Diversification Opportunities for Putnam Retirement and Oil Gas
0.27 | Correlation Coefficient |
Modest diversification
The 3 months correlation between Putnam and Oil is 0.27. Overlapping area represents the amount of risk that can be diversified away by holding Putnam Retirement Advantage and Oil Gas Ultrasector in the same portfolio, assuming nothing else is changed. The correlation between historical prices or returns on Oil Gas Ultrasector and Putnam Retirement is a relative statistical measure of the degree to which these equity instruments tend to move together. The correlation coefficient measures the extent to which returns on Putnam Retirement Advantage are associated (or correlated) with Oil Gas. Values of the correlation coefficient range from -1 to +1, where. The correlation of zero (0) is possible when the price movement of Oil Gas Ultrasector has no effect on the direction of Putnam Retirement i.e., Putnam Retirement and Oil Gas go up and down completely randomly.
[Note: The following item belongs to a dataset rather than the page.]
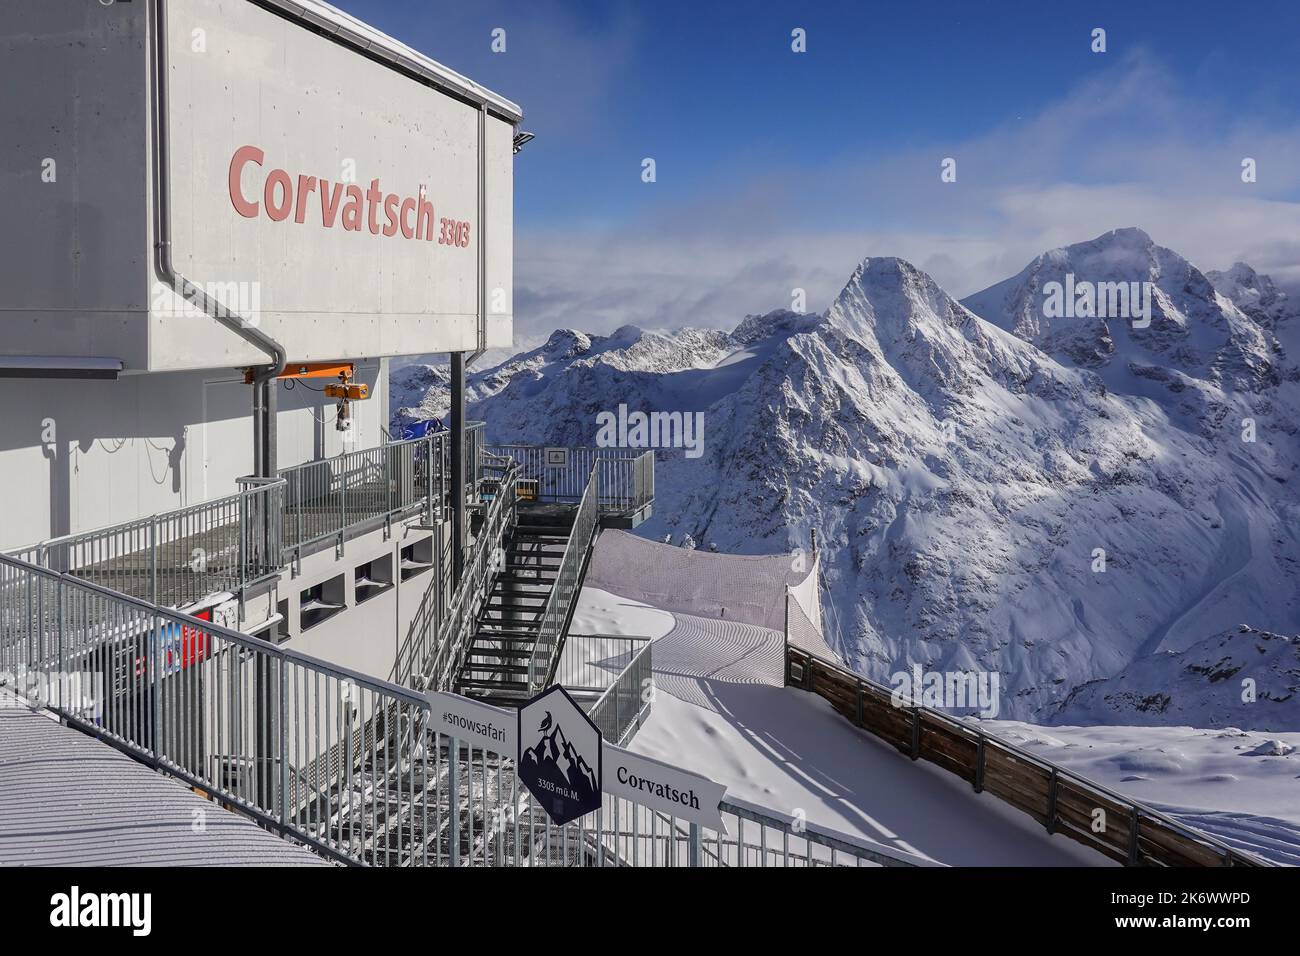 Corvatsch, Suisse - 05 décembre 2021: Vue sur la station de téléphérique de Corvatsch qui se trouve au 3303m dans les alpes suisses, dans le canton de Graubunden Banque D'Images

Pair Corralation between Putnam Retirement and Oil Gas
Assuming the 90 days horizon Putnam Retirement Advantage is expected to generate 0.34 times more return on investment than Oil Gas. However, Putnam Retirement Advantage is 2.97 times less risky than Oil Gas. It trades about 0.07 of its potential returns per unit of risk. Oil Gas Ultrasector is currently generating about -0.01 per unit of risk. If you would invest 863.00 in Putnam Retirement Advantage on October 4, 2024 and sell it today you would earn a total of 210.00 from holding Putnam Retirement Advantage or generate 24.33% return on investment over 90 days.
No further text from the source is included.